* _Data listing_:
┄┄┄┄┄┄
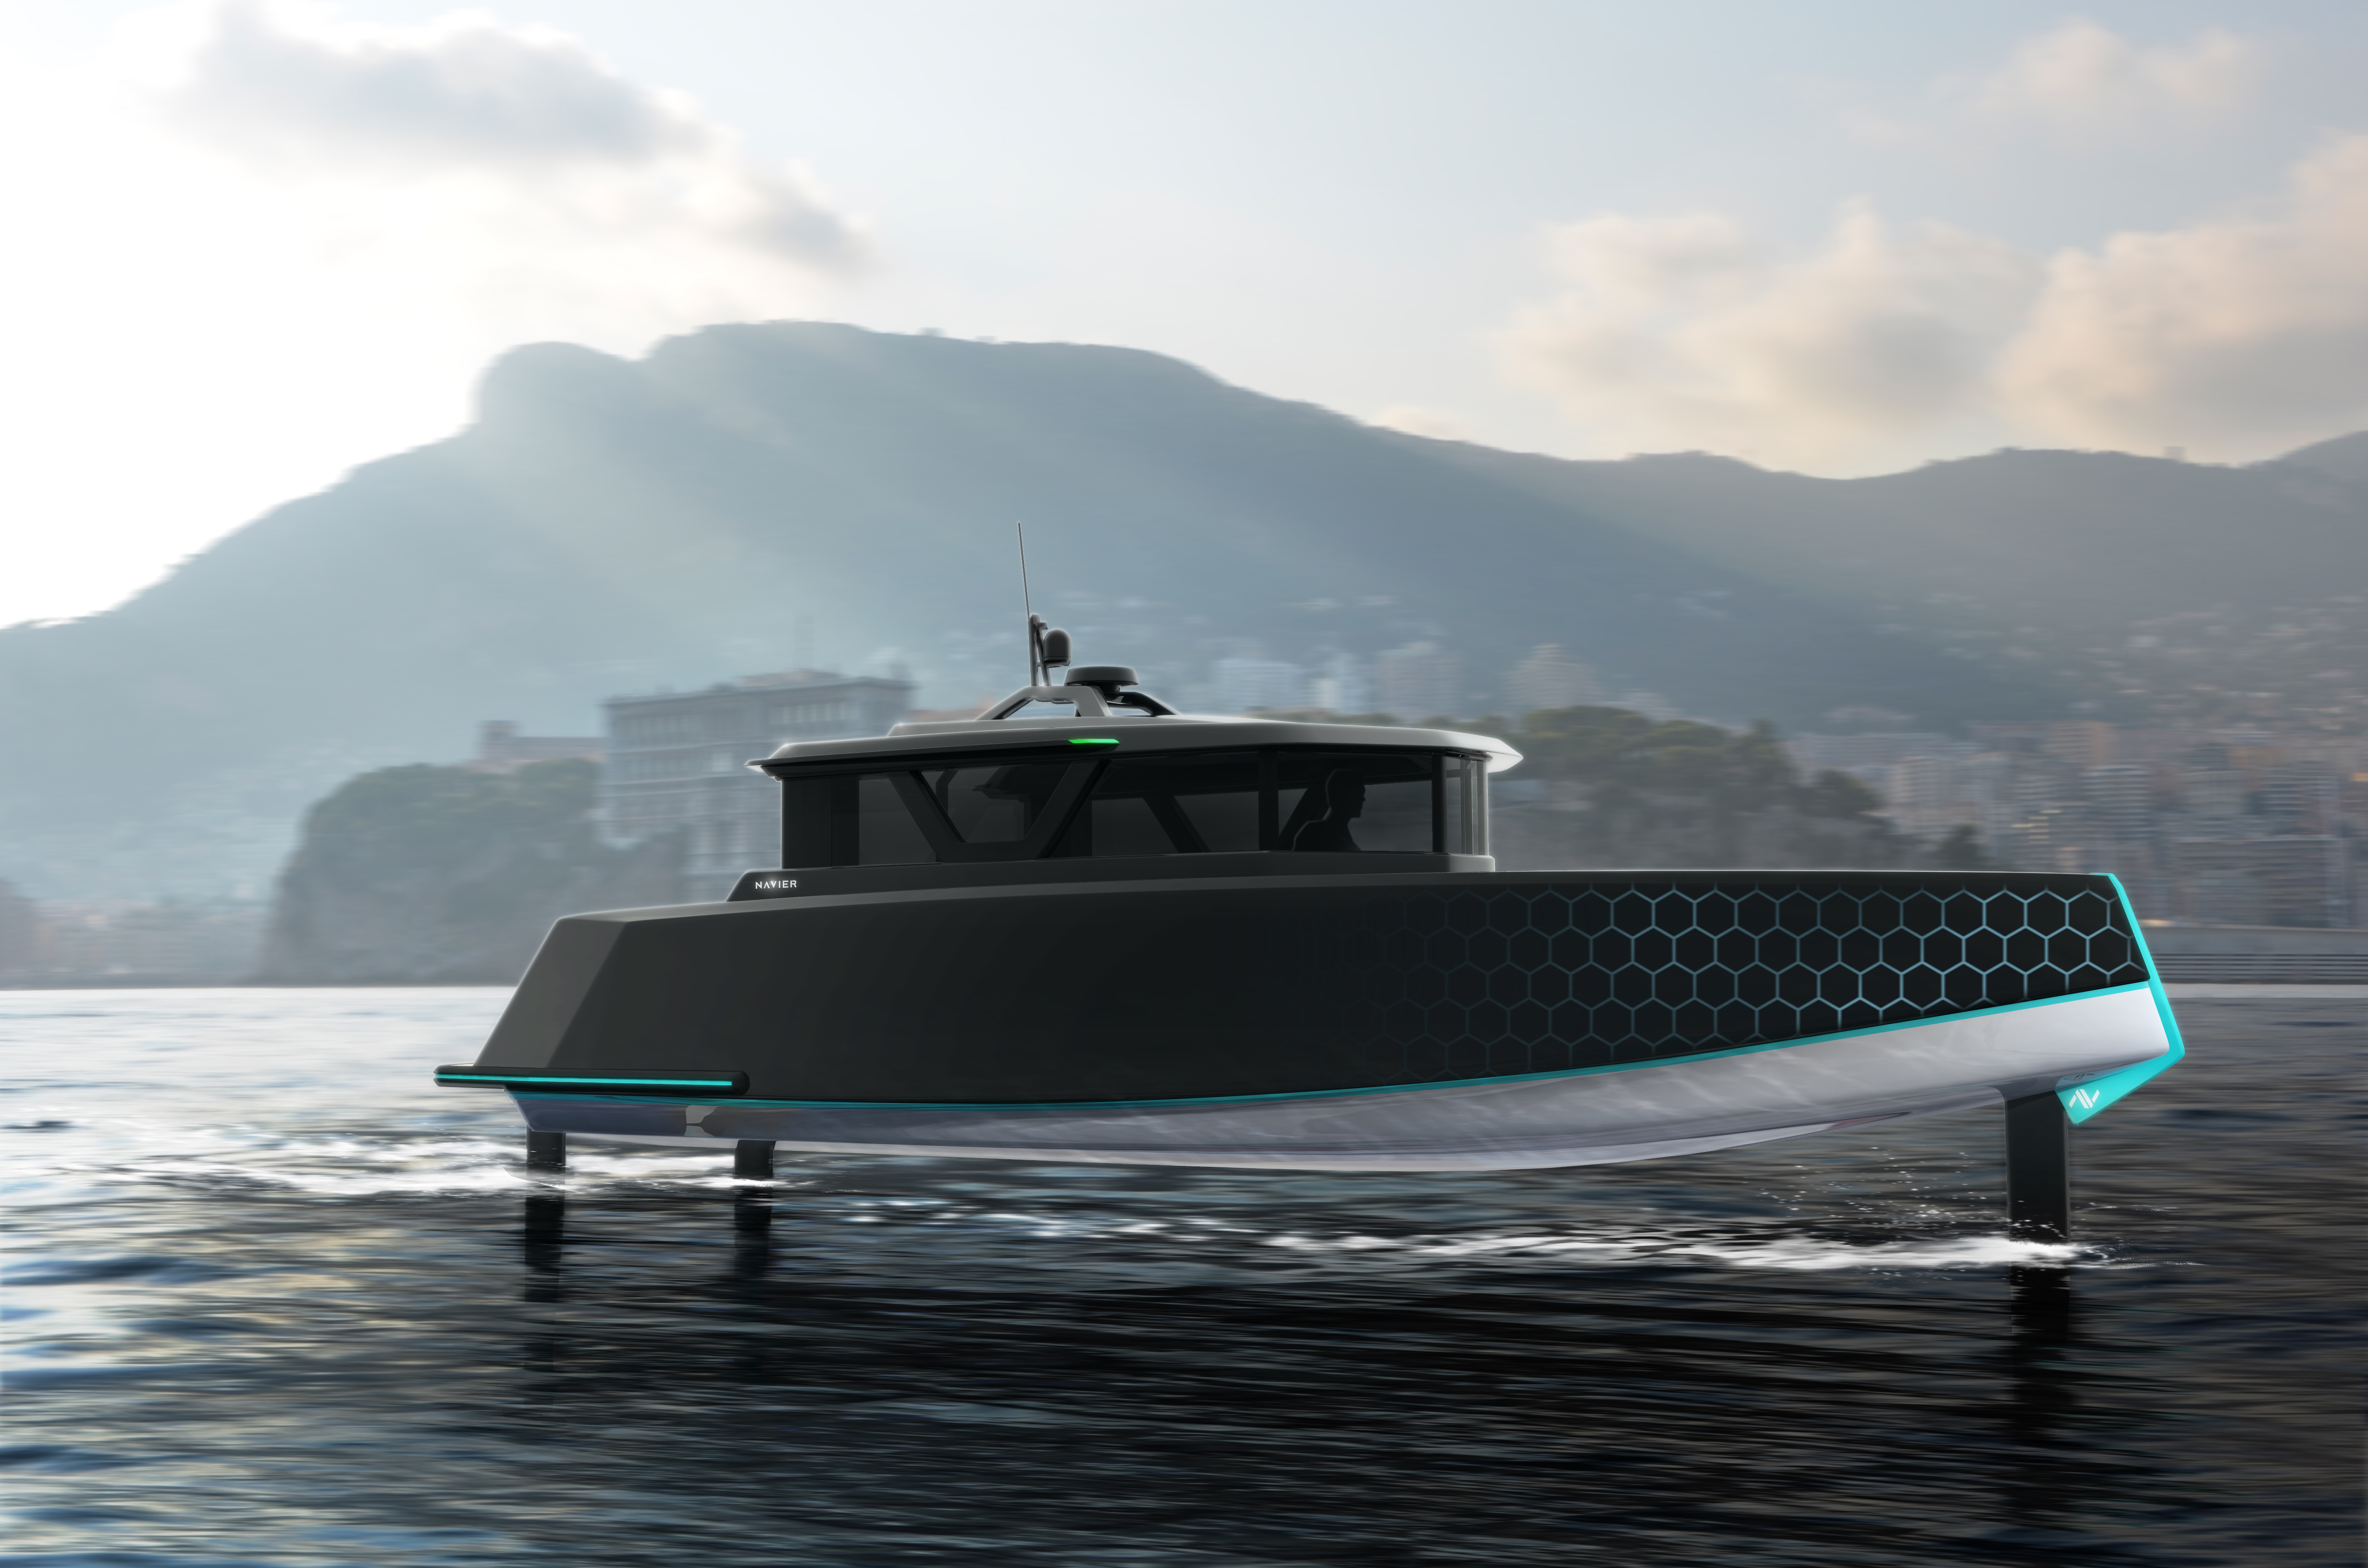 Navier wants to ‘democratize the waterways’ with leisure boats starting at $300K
┄┄┄┄┄┄
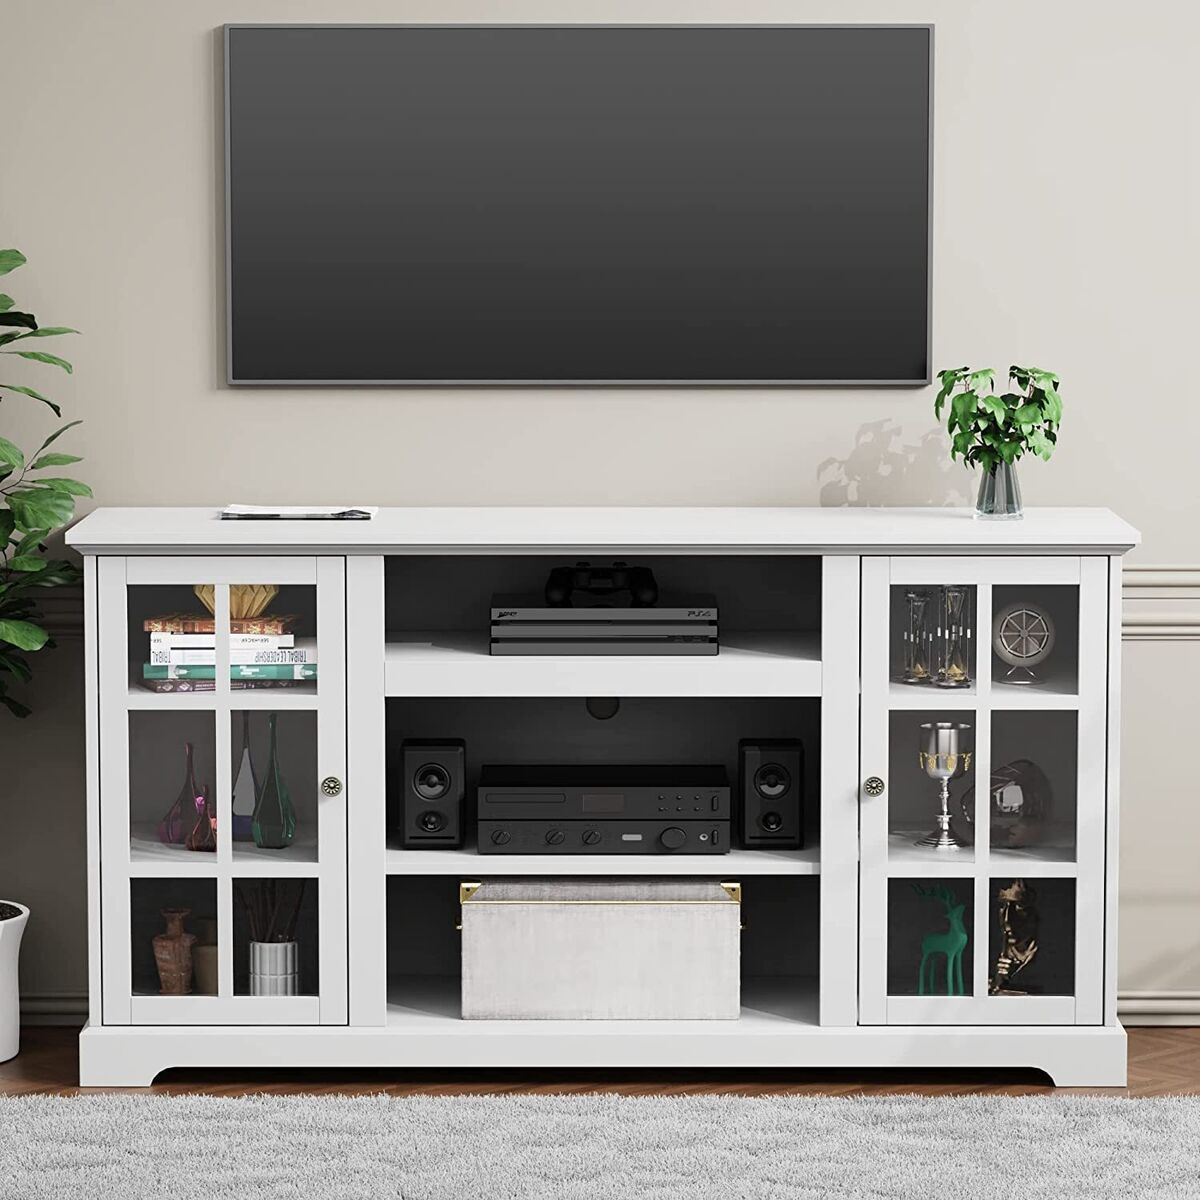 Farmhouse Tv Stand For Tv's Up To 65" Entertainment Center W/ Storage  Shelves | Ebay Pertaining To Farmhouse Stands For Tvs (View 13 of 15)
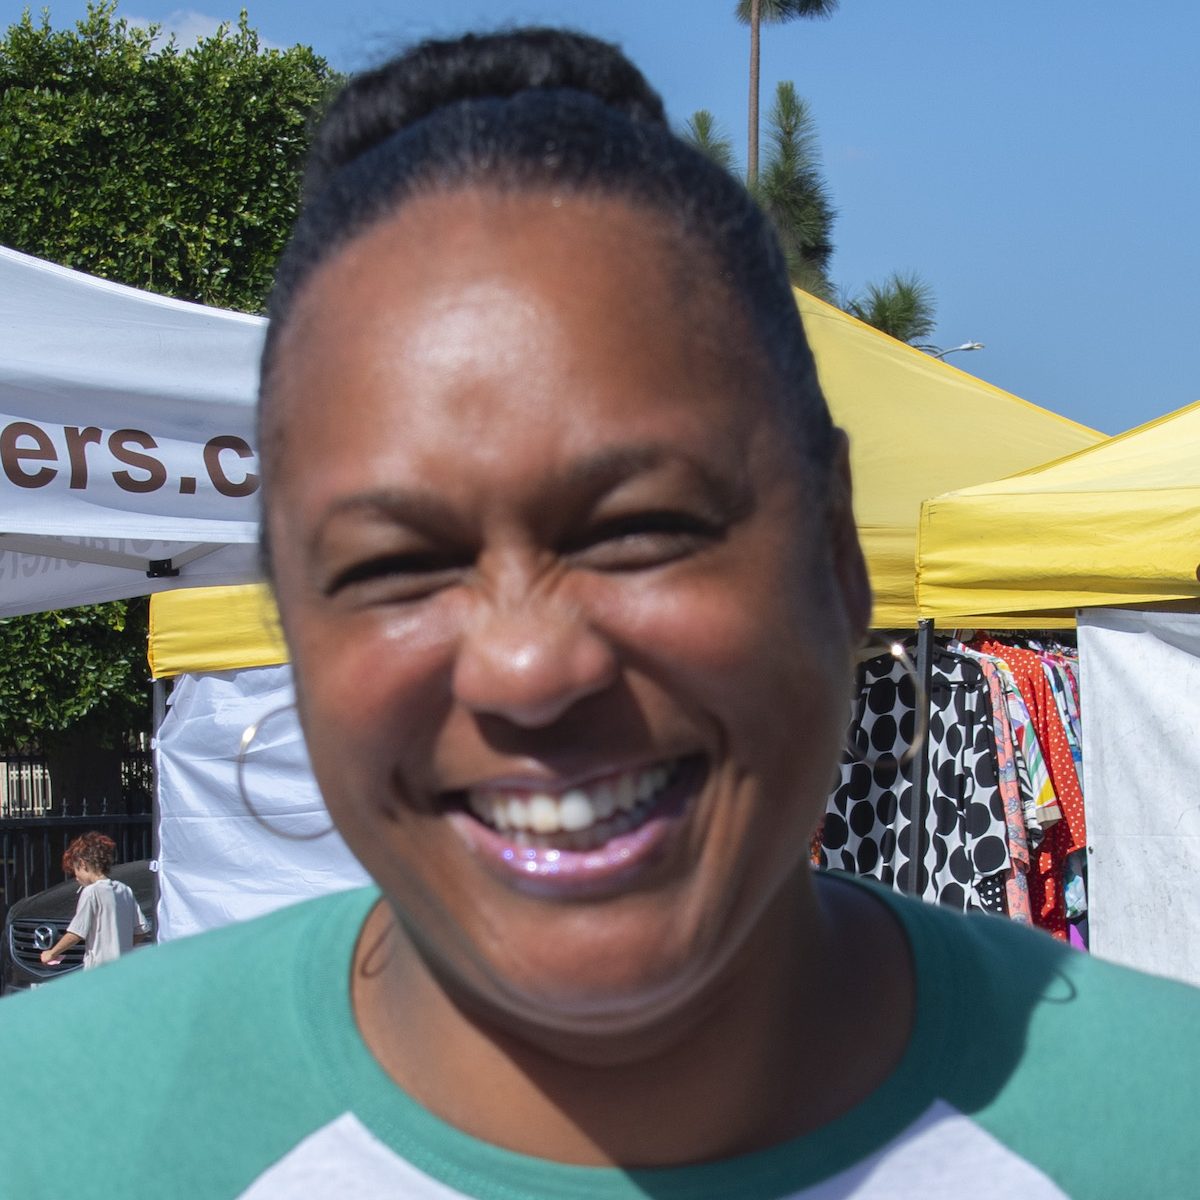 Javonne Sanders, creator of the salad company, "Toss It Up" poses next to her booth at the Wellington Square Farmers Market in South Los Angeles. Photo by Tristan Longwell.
┄┄┄┄┄┄
* _Task goal_: Beginning with the line holding "Farmhouse Tv Stand" in the material above, restate word for word each line through the line holding "Javonne Sanders, creator", and exclude pictures.

* _Solution_:
 Farmhouse Tv Stand For Tv's Up To 65" Entertainment Center W/ Storage  Shelves | Ebay Pertaining To Farmhouse Stands For Tvs (View 13 of 15)
 Javonne Sanders, creator of the salad company, "Toss It Up" poses next to her booth at the Wellington Square Farmers Market in South Los Angeles. Photo by Tristan Longwell.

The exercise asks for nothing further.